The Income Maven
Mar 22, 2023
NXST: Broadcasting Strong Dividends in a Dynamic Media Landscape
In a world increasingly driven by digital content and local connections, Nexstar Media Group, Inc. (NASDAQ: NXST) stands out as a leader in local broadcasting. For retirees seeking a high-yield income stock with impressive growth potential, Nexstar offers a compelling investment opportunity.
As the largest local television station owner in the United States, Nexstar operates 200+ stations across 116 markets, covering approximately 63% of U.S. households. The company has a strong foothold in local news, a resilient segment of media consumption, and is diversifying into digital platforms to remain relevant in a rapidly changing landscape.
Income Potential
Nexstar boasts an impressive dividend yield of 3.6% (as of recent market prices), which is well above the average yield for the S&P 500. Over the past five years, the company has consistently grown its dividend by an average of 20% annually—a testament to its commitment to returning value to shareholders.
With a payout ratio of approximately 25%, Nexstar’s dividends are both generous and sustainable, leaving significant room for future increases. A $10,000 investment in NXST would currently generate $360 annually in dividends, with strong potential for continued growth.
Growth Prospects
Local News Resilience: Despite challenges faced by the broader media industry, local broadcasting remains a cornerstone of U.S. households. Nexstar’s dominance in this space provides it with stable advertising revenue and loyal viewership.
Political Advertising Windfall: Nexstar benefits significantly during election cycles, as political advertising remains a key revenue driver. With the 2024 presidential election approaching, the company is poised for a revenue boost.
Digital Expansion: Nexstar is actively growing its digital presence, with its digital revenue reaching $325 million annually. By leveraging its local market expertise and expanding into digital advertising, the company is diversifying its revenue streams and tapping into higher-growth opportunities.
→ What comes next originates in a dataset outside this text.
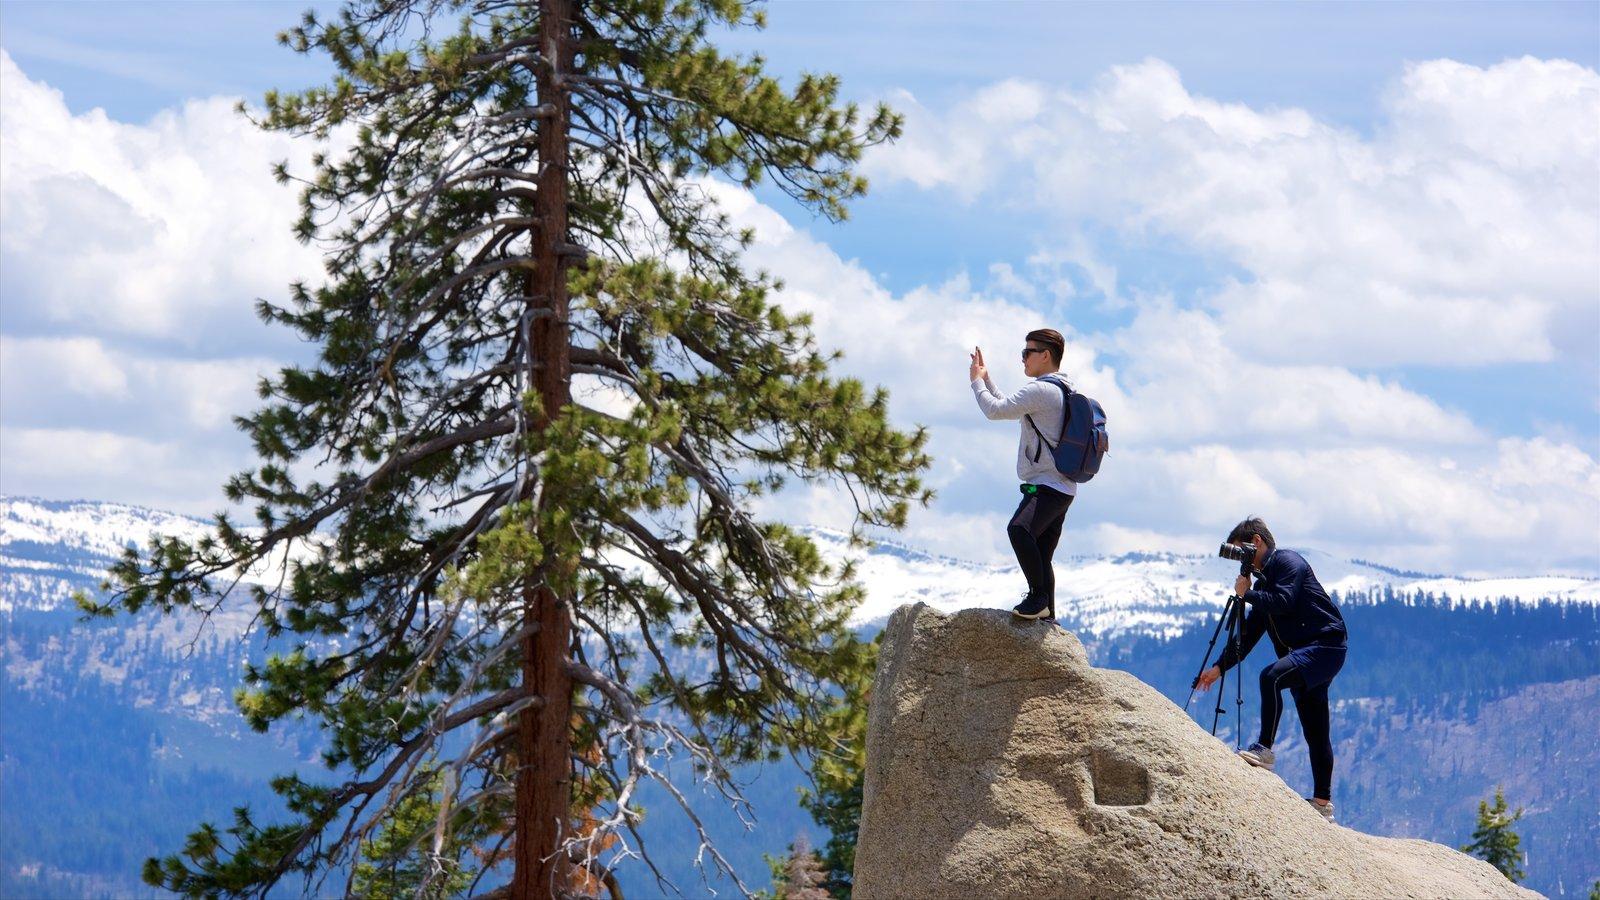 Glacier Point mostrando paisagens assim como um homem sozinho

Ownership of The CW Network: In 2022, Nexstar acquired a 75% ownership stake in The CW Network, positioning it to unlock value in the national broadcasting and streaming space. This provides additional opportunities for revenue growth through national advertising and content production.
Valuation
Nexstar trades at a forward P/E ratio of 7.2, which is significantly below the industry average of 15. This undervaluation suggests an attractive entry point for investors looking for high-yield income and growth potential.
Risk Analysis
While Nexstar has strong fundamentals, retirees should be aware of the following risks:
Advertising Cyclicality: Advertising revenues are highly cyclical and can decline during economic slowdowns.
Cord-Cutting Trends: The ongoing shift from traditional cable to streaming services poses a long-term challenge for traditional broadcasters. However, Nexstar’s investment in digital and streaming mitigates some of this risk.
Why Retirees Should Consider Nexstar
For retirees, Nexstar offers a rare combination of high income, strong dividend growth, and undervalued potential. Its dominance in local broadcasting, expanding digital footprint, and ability to capitalize on political advertising cycles make it a resilient and attractive option for income-focused investors.
With a dividend yield of 3.6% and consistent growth, Nexstar can provide retirees with both the steady income they need and the growth potential to combat inflation over the long term.